### Work instruction
Write out the data word for word and omit every picture.

### Recorded data
Start of Block

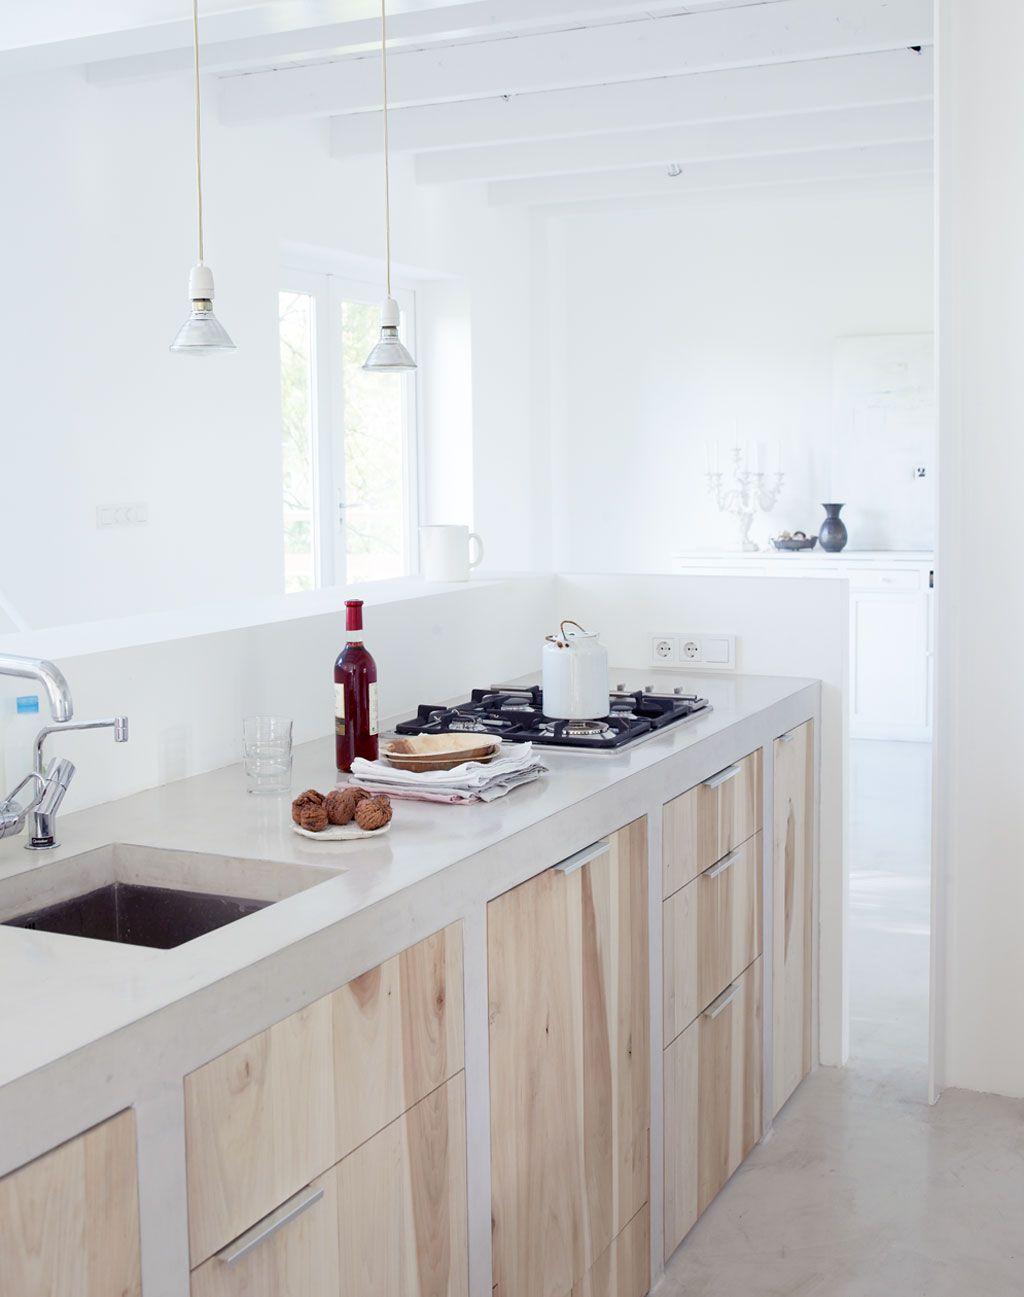 Keuken, beton met hout. | home | Pinterest | Betonküche, Beton ...
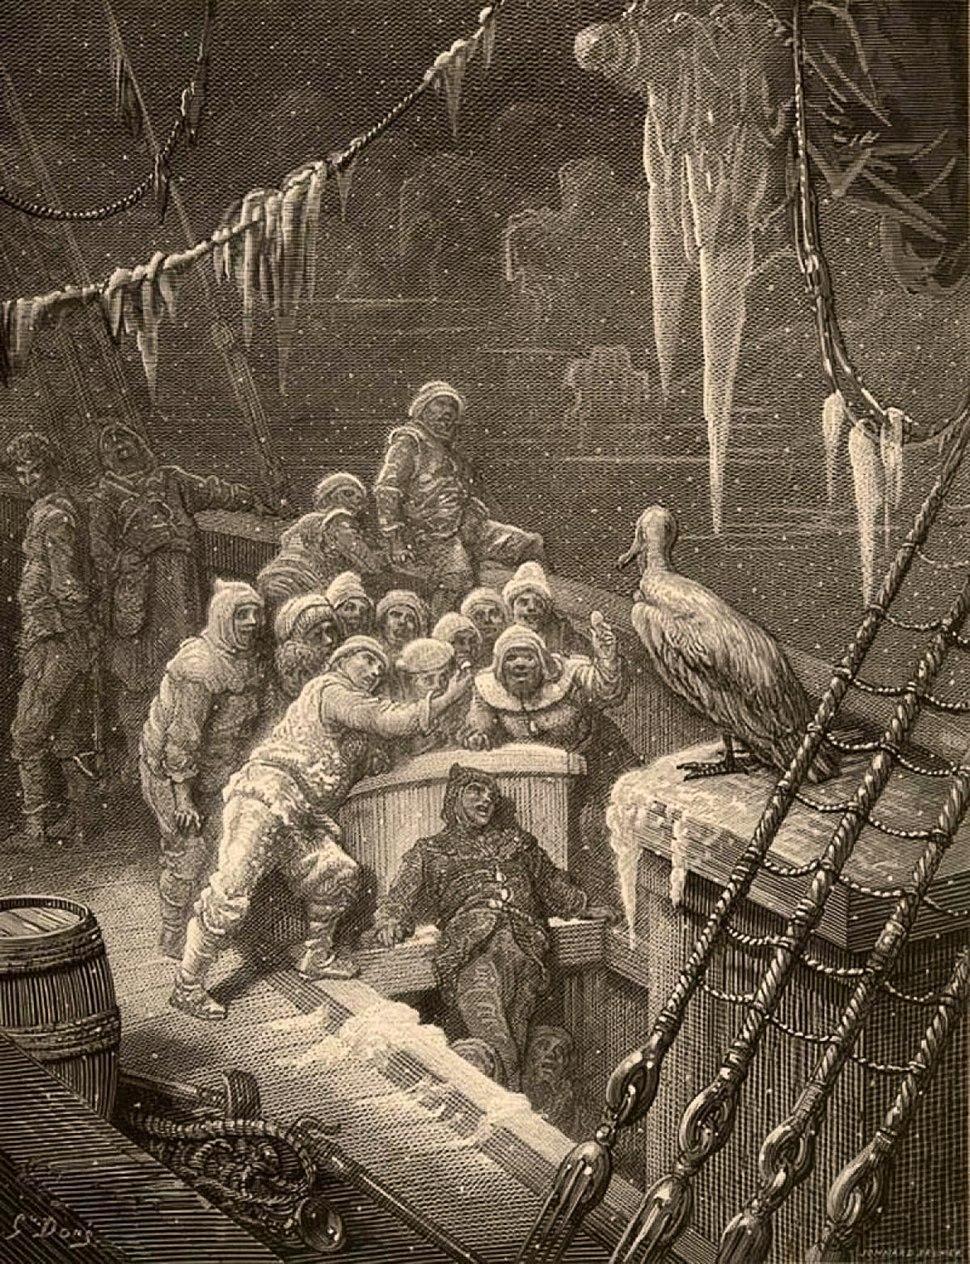 Rime of the Ancient Mariner-Albatross-Dore
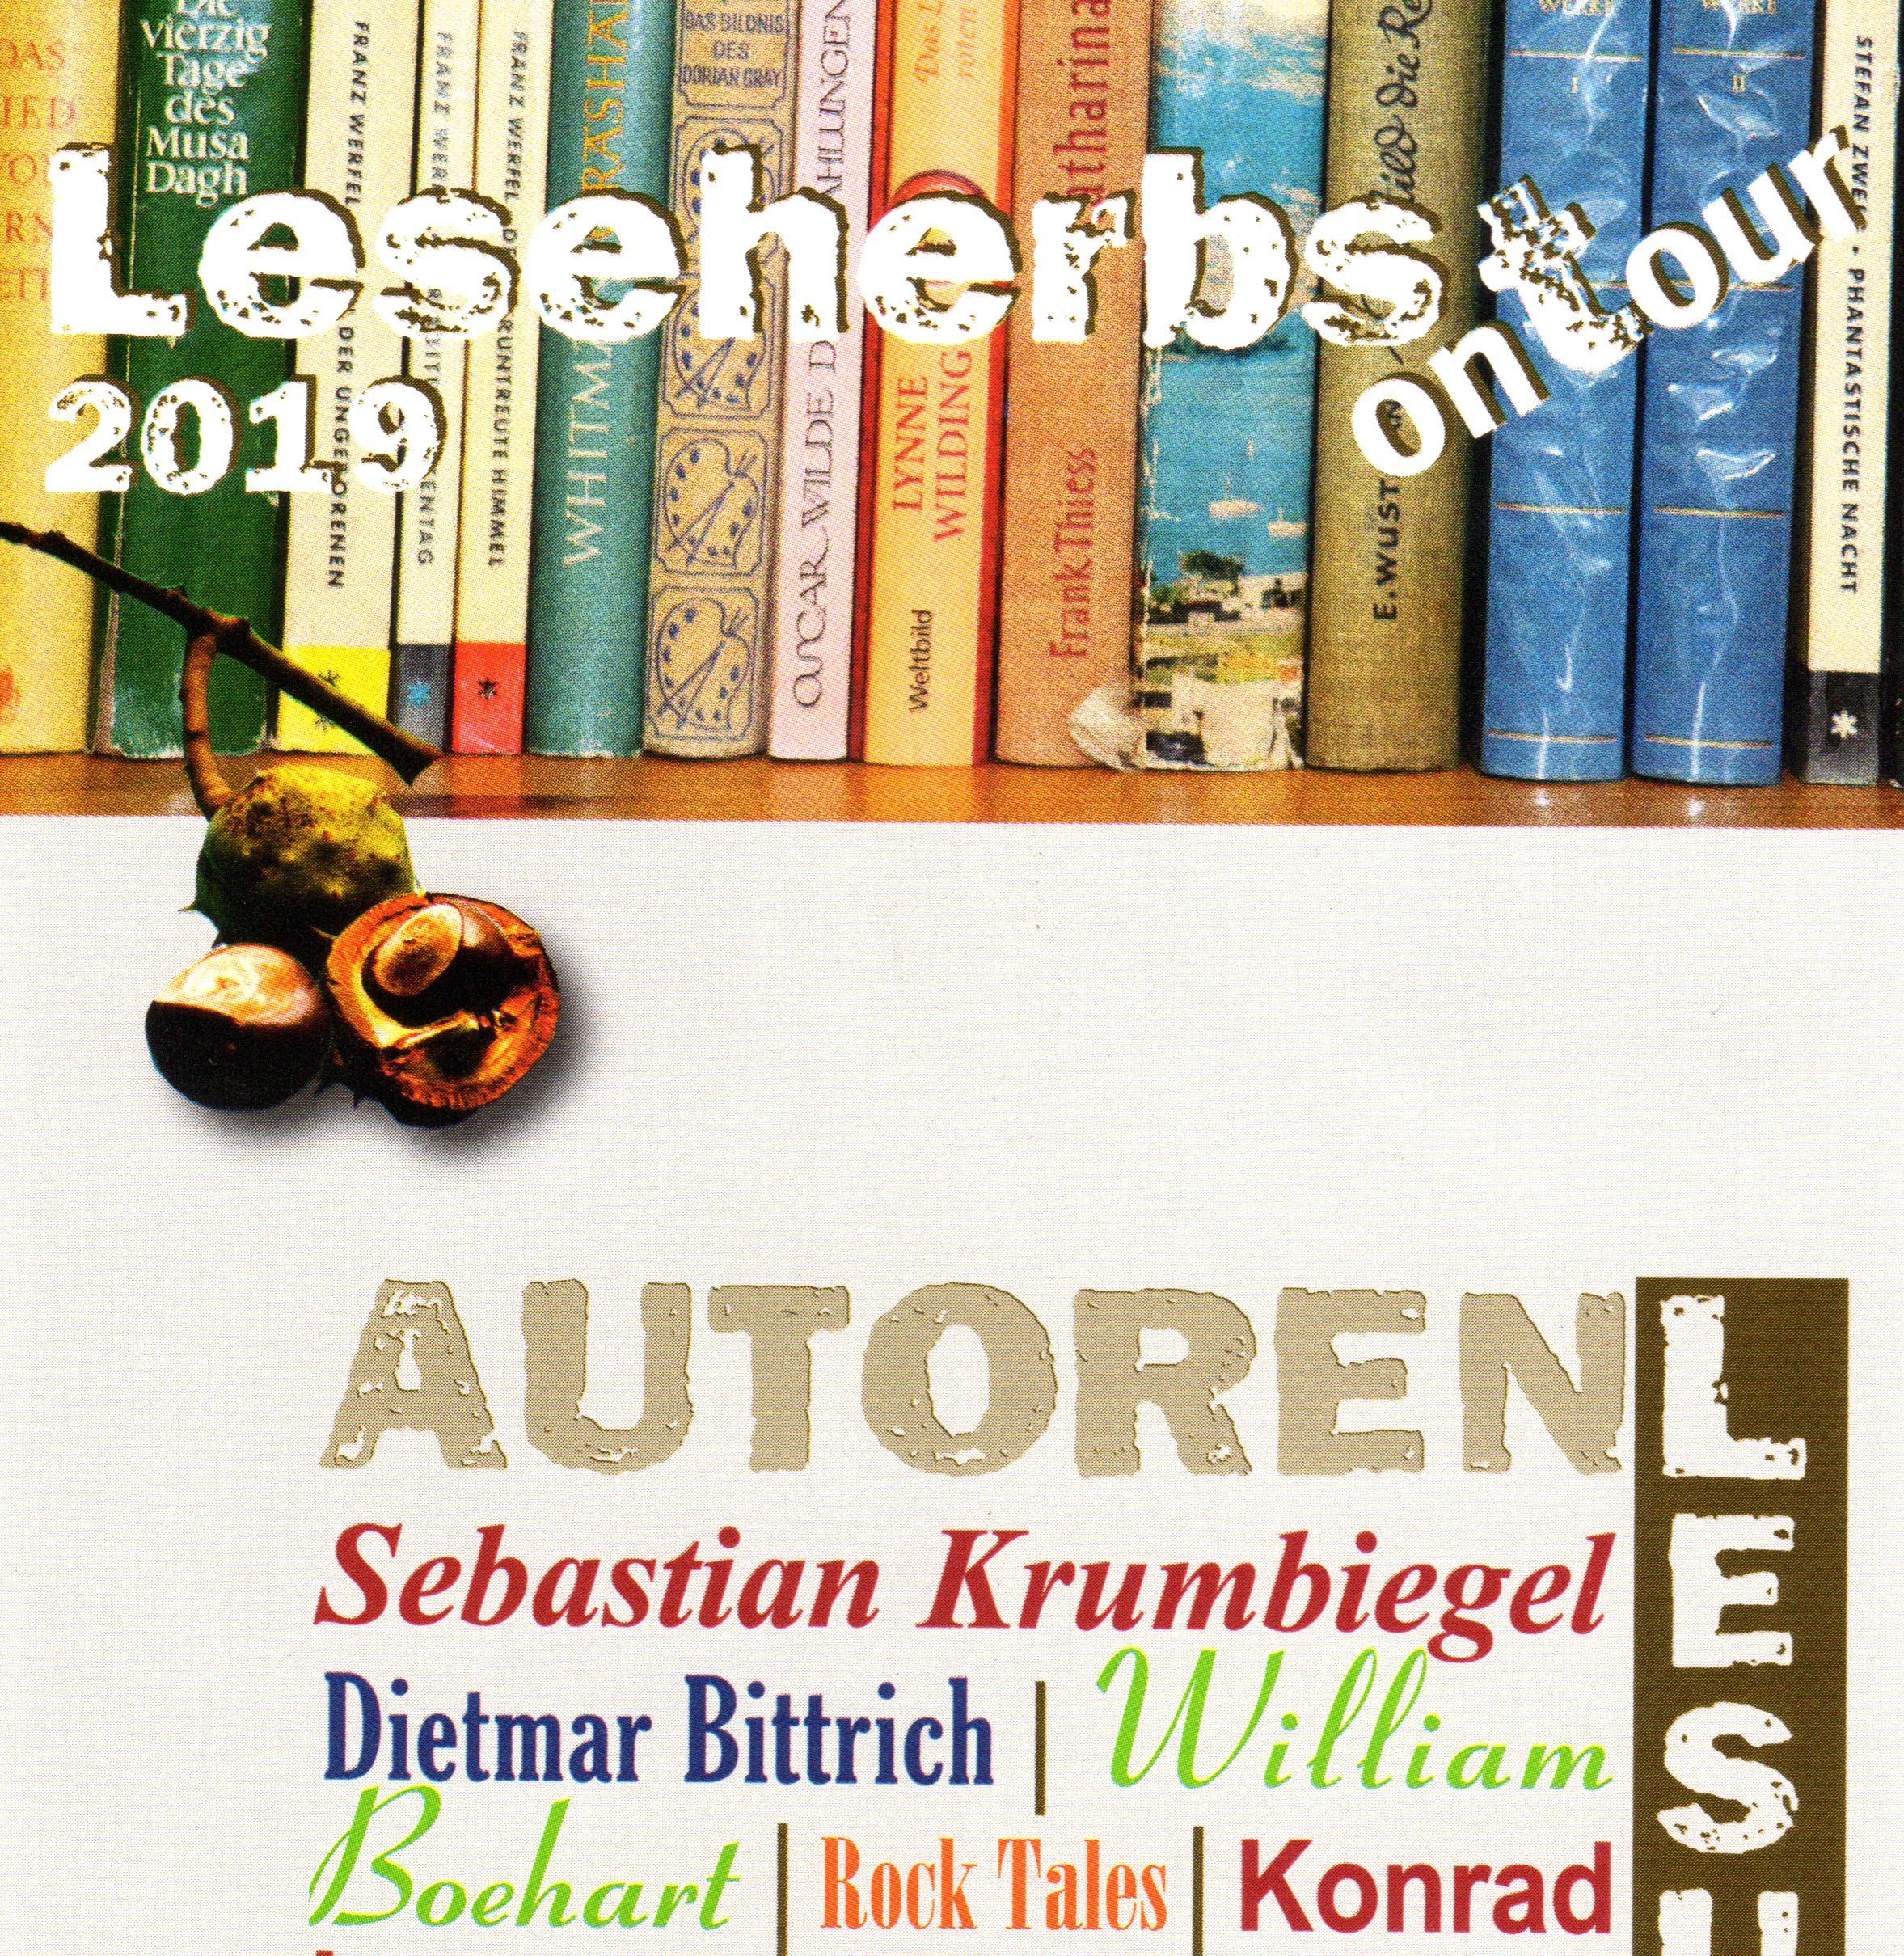 "Leseherbst On Tour 2019 – Sebastian Krumbiegel ""Courage Zeigen"""
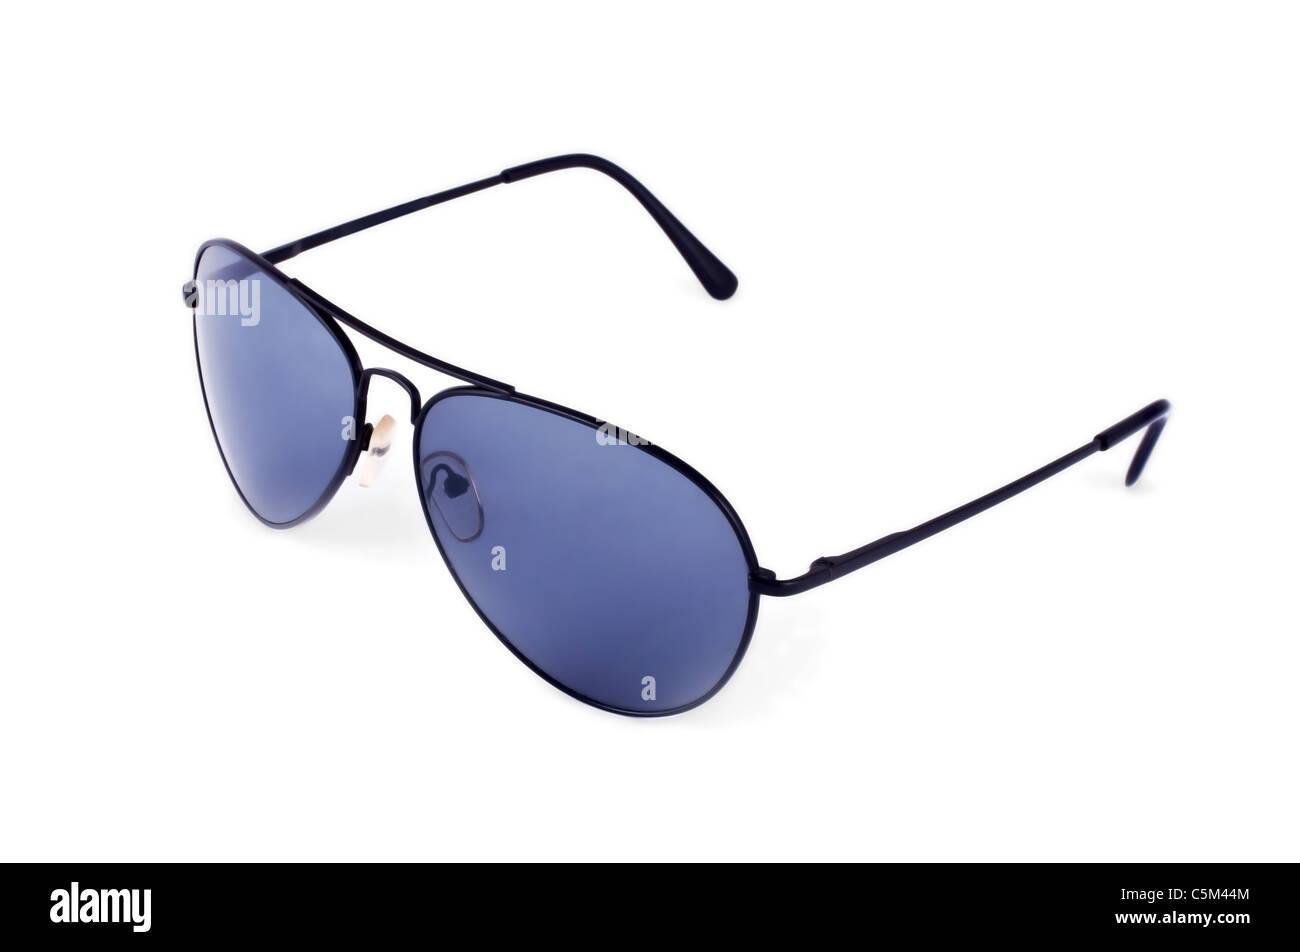 Aviator sunglasses isolated on white background Stock Photo

End of Block

### Expected answer
 Keuken, beton met hout. | home | Pinterest | Betonküche, Beton ...
 Rime of the Ancient Mariner-Albatross-Dore
 "Leseherbst On Tour 2019 – Sebastian Krumbiegel ""Courage Zeigen"""
 Aviator sunglasses isolated on white background Stock Photo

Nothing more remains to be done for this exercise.